This article is corrected by:

  1. Errata: Corrigendum Volume 275, Issue 15, 3984, Article first published online: 11 July 2008

H. Sumimoto, Medical Institute of Bioregulation, Kyushu University, 3-1-1 Maidashi, Higashi-ku, Fukuoka 812-8582, Japan
Fax: +81 92 642 6807
Tel: +81 92 642 6806
E-mail: hsumi@bioreg.kyushu-u.ac.jp

Abstract

NADPH oxidases of the Nox family exist in various supergroups of eukaryotes but not in prokaryotes, and play crucial roles in a variety of biological processes, such as host defense, signal transduction, and hormone synthesis. In conjunction with NADPH oxidation, Nox enzymes reduce molecular oxygen to superoxide as a primary product, and this is further converted to various reactive oxygen species. The electron-transferring system in Nox is composed of the C-terminal cytoplasmic region homologous to the prokaryotic (and organelle) enzyme ferredoxin reductase and the N-terminal six transmembrane segments containing two hemes, a structure similar to that of cytochrome b of the mitochondrial bc1 complex. During the course of eukaryote evolution, Nox enzymes have developed regulatory mechanisms, depending on their functions, by inserting a regulatory domain (or motif) into their own sequences or by obtaining a tightly associated protein as a regulatory subunit. For example, one to four Ca2+-binding EF-hand motifs are present at the N-termini in several subfamilies, such as the respiratory burst oxidase homolog (Rboh) subfamily in land plants (the supergroup Plantae), the NoxC subfamily in social amoebae (the Amoebozoa), and the Nox5 and dual oxidase (Duox) subfamilies in animals (the Opisthokonta), whereas an SH3 domain is inserted into the ferredoxin–NADP+ reductase region of two Nox enzymes in Naegleria gruberi, a unicellular organism that belongs to the supergroup Excavata.
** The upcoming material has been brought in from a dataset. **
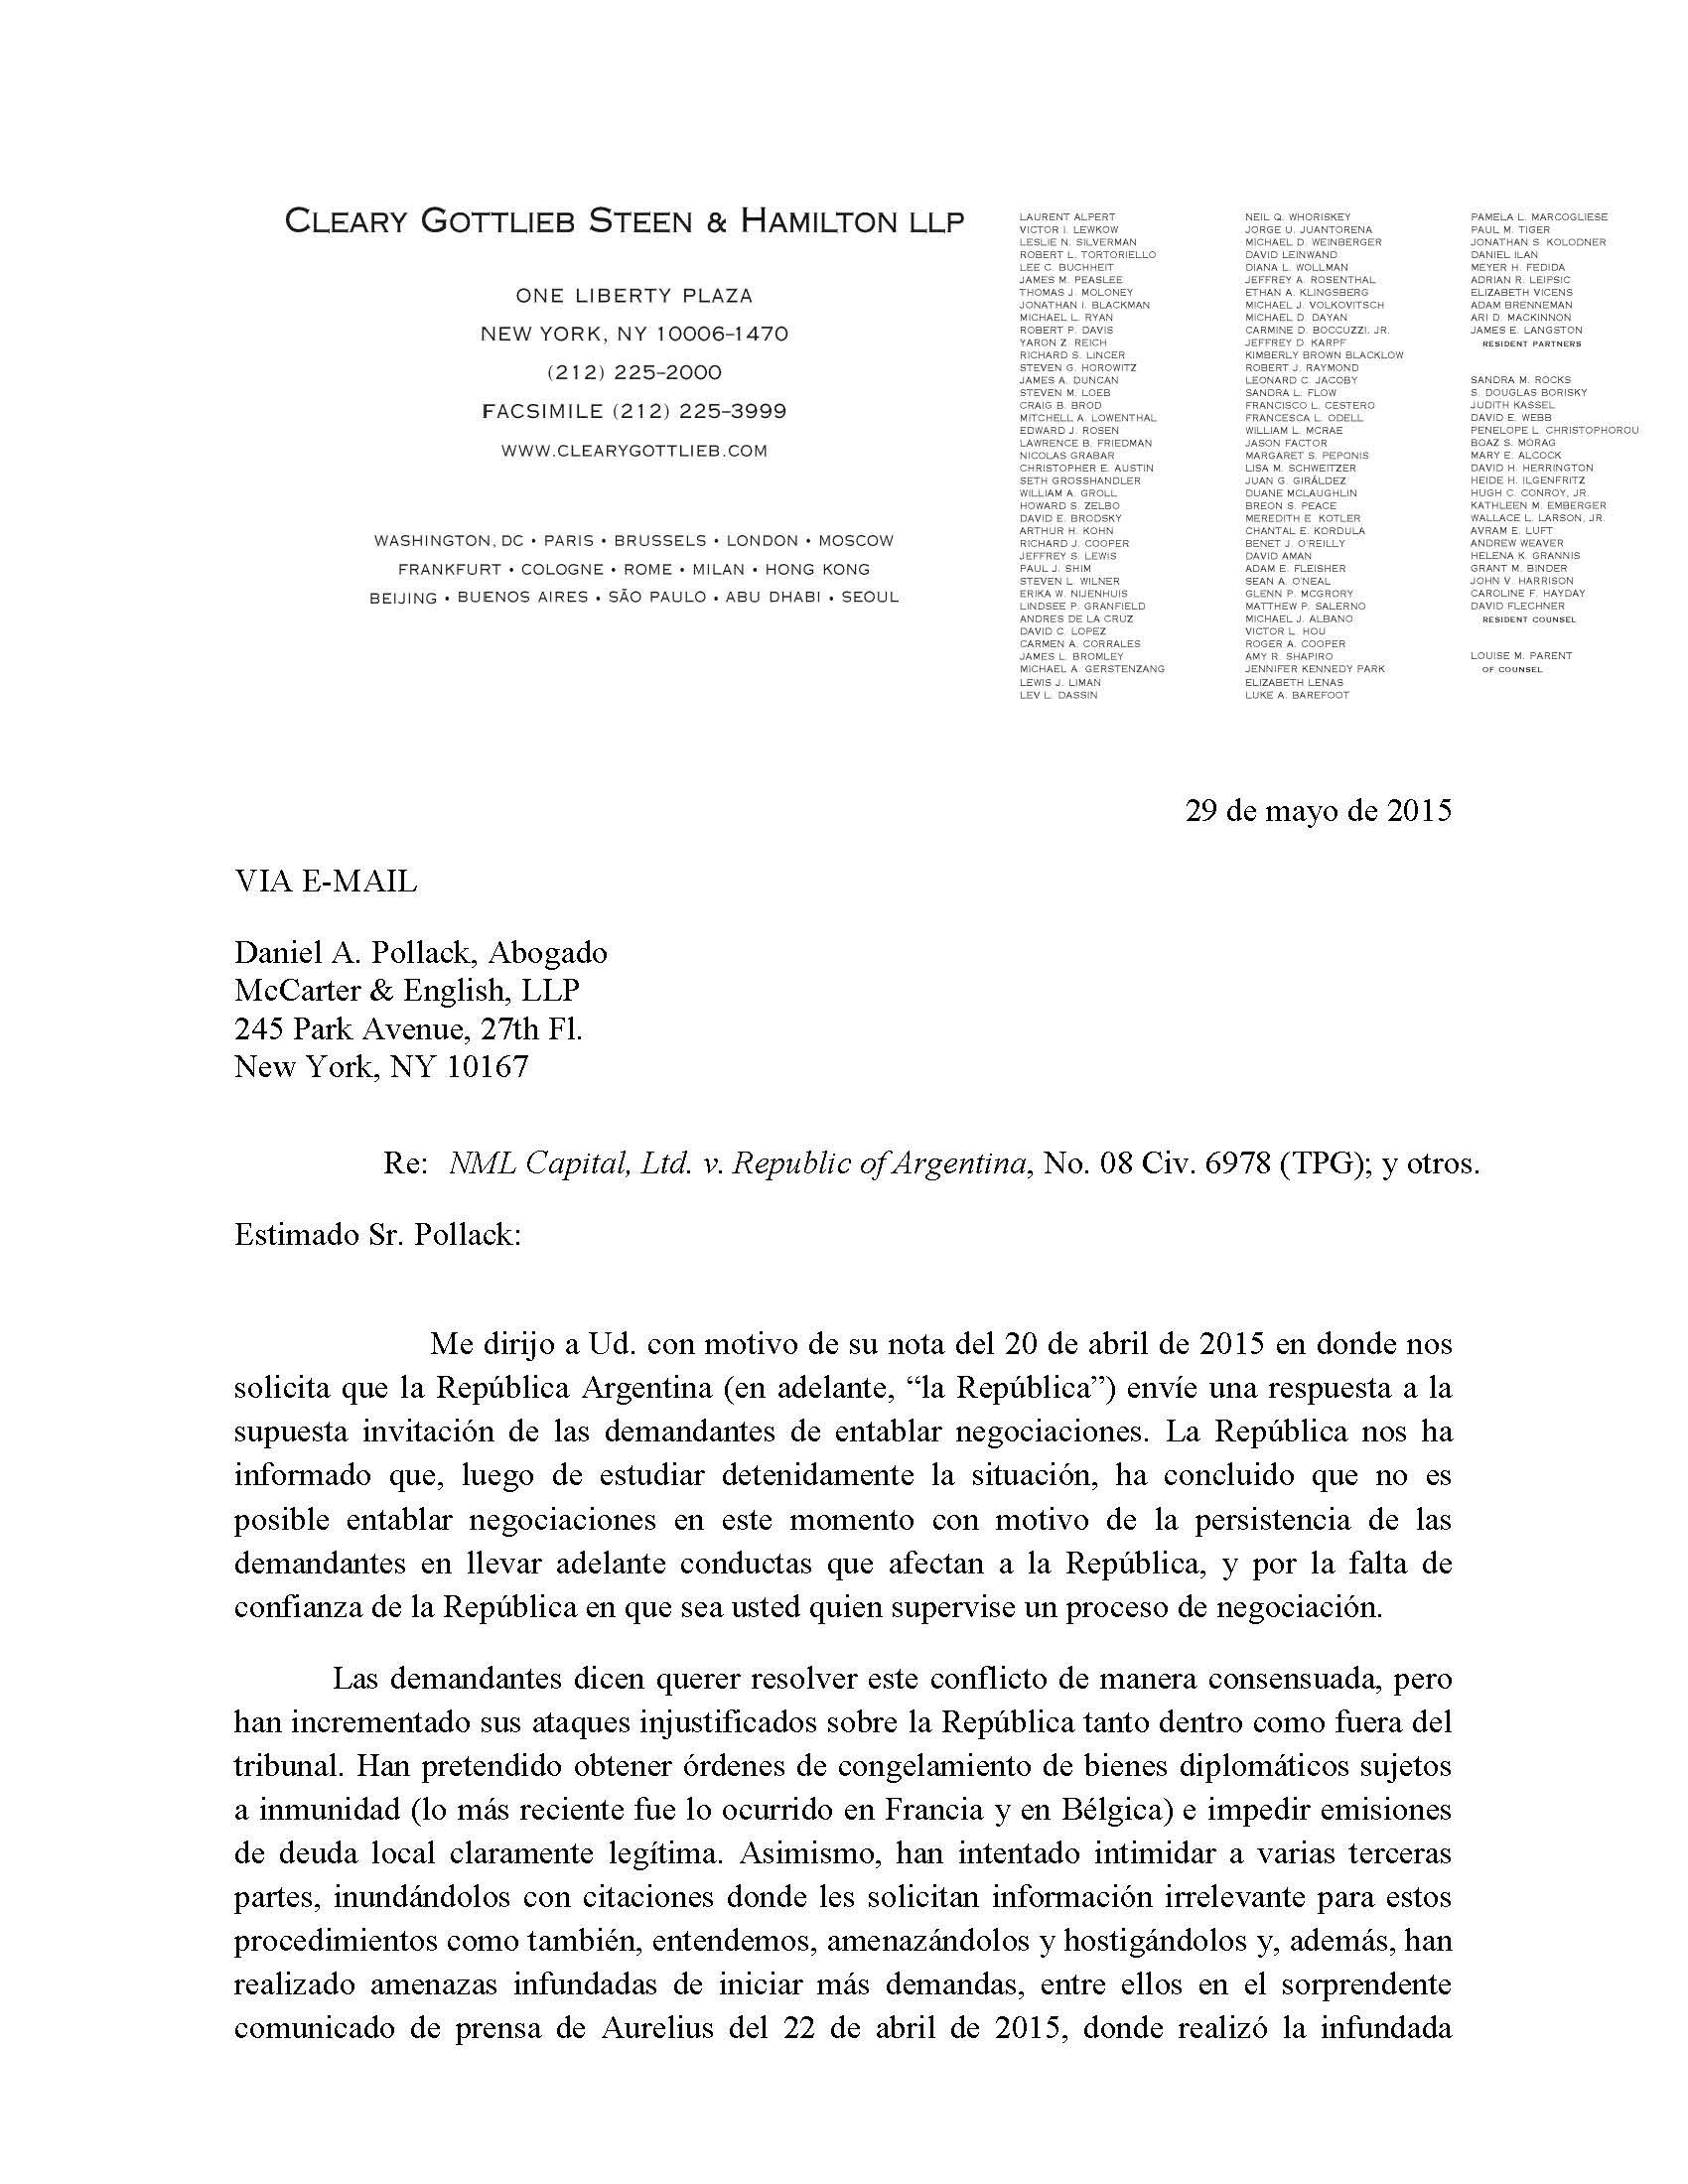 Carta a Pollack - Español_Page_1
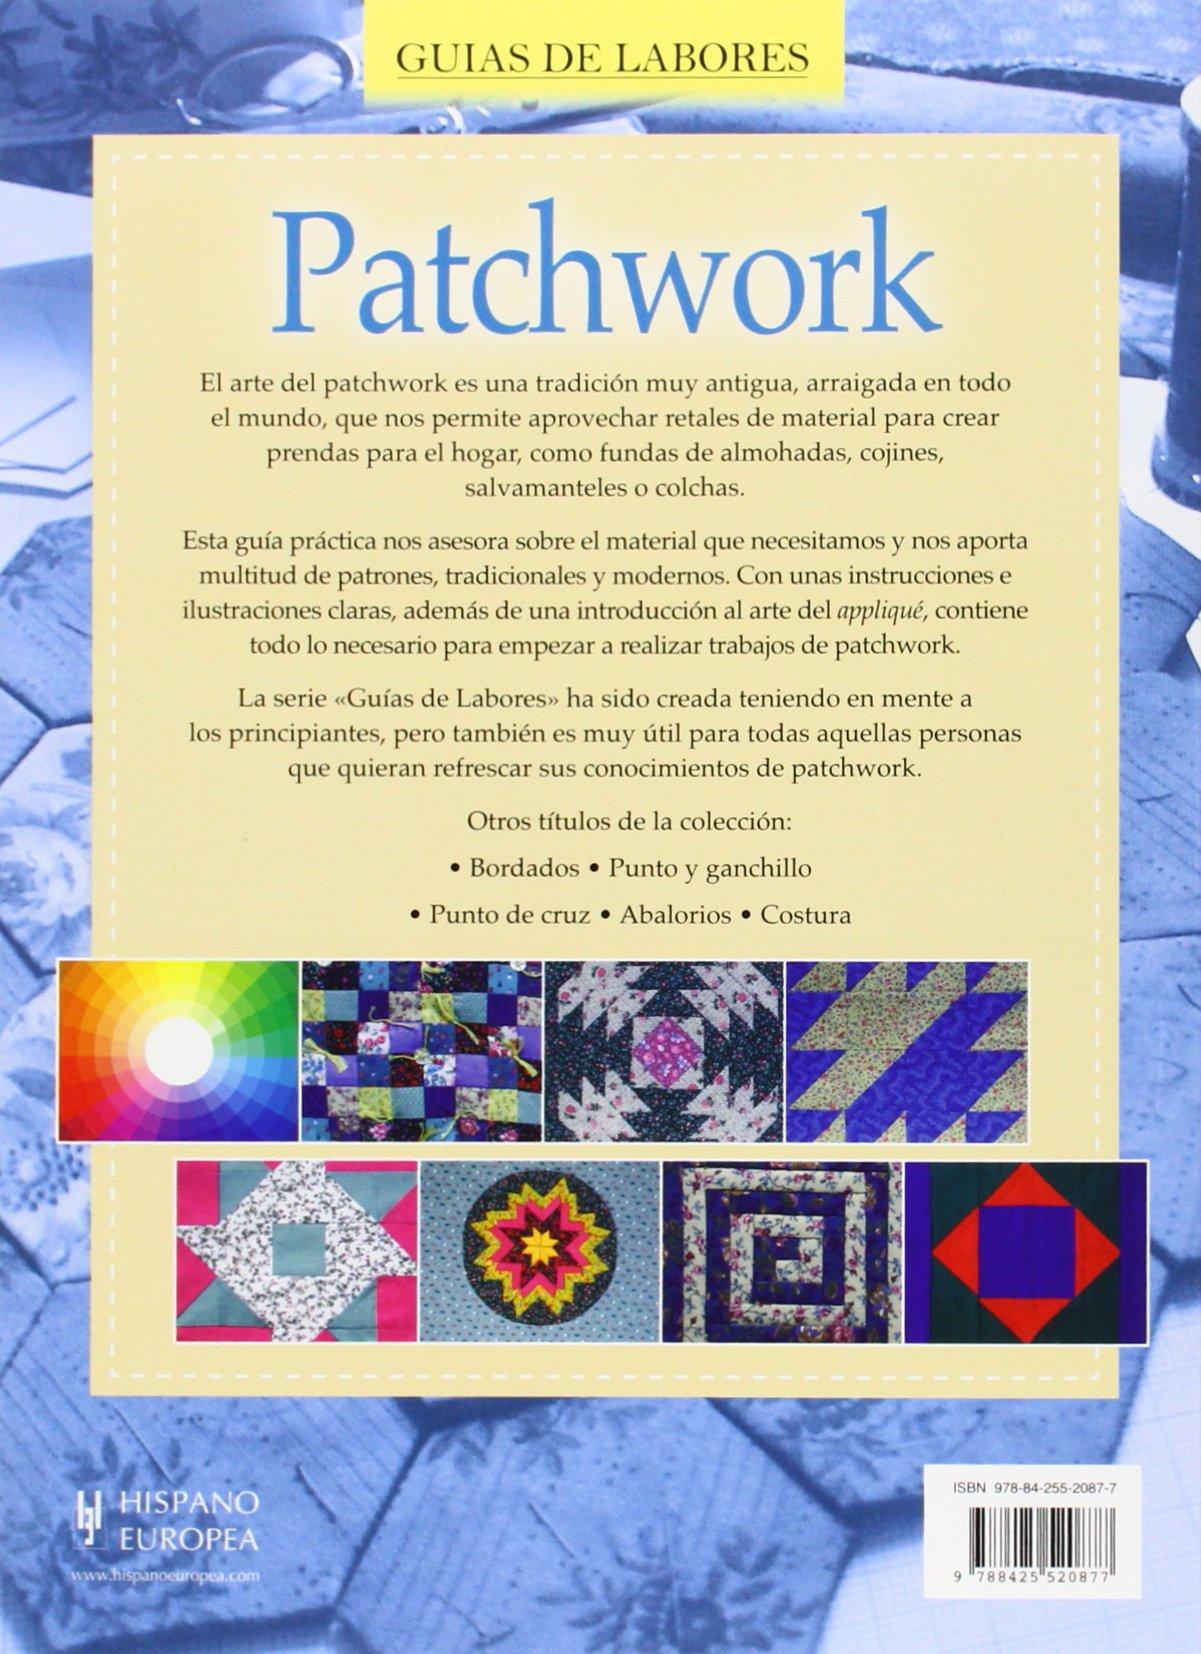 Patchwork (Guías de labores): Amazon.es: Charlotte Gerlings ...

Members of the Nox1–4 subfamily in animals form a stable heterodimer with the membrane protein p22phox, which functions as a docking site for the SH3 domain-containing regulatory proteins p47phox, p67phox, and p40phox; the small GTPase Rac binds to p67phox (or its homologous protein), which serves as a switch for Nox activation. Similarly, Rac activates the fungal NoxA via binding to the p67phox-like protein Nox regulator (NoxR). In plants, on the other hand, this GTPase directly interacts with the N-terminus of Rboh, leading to superoxide production. Here I describe the regulation of Nox-family oxidases on the basis of three-dimensional structures and evolutionary conservation.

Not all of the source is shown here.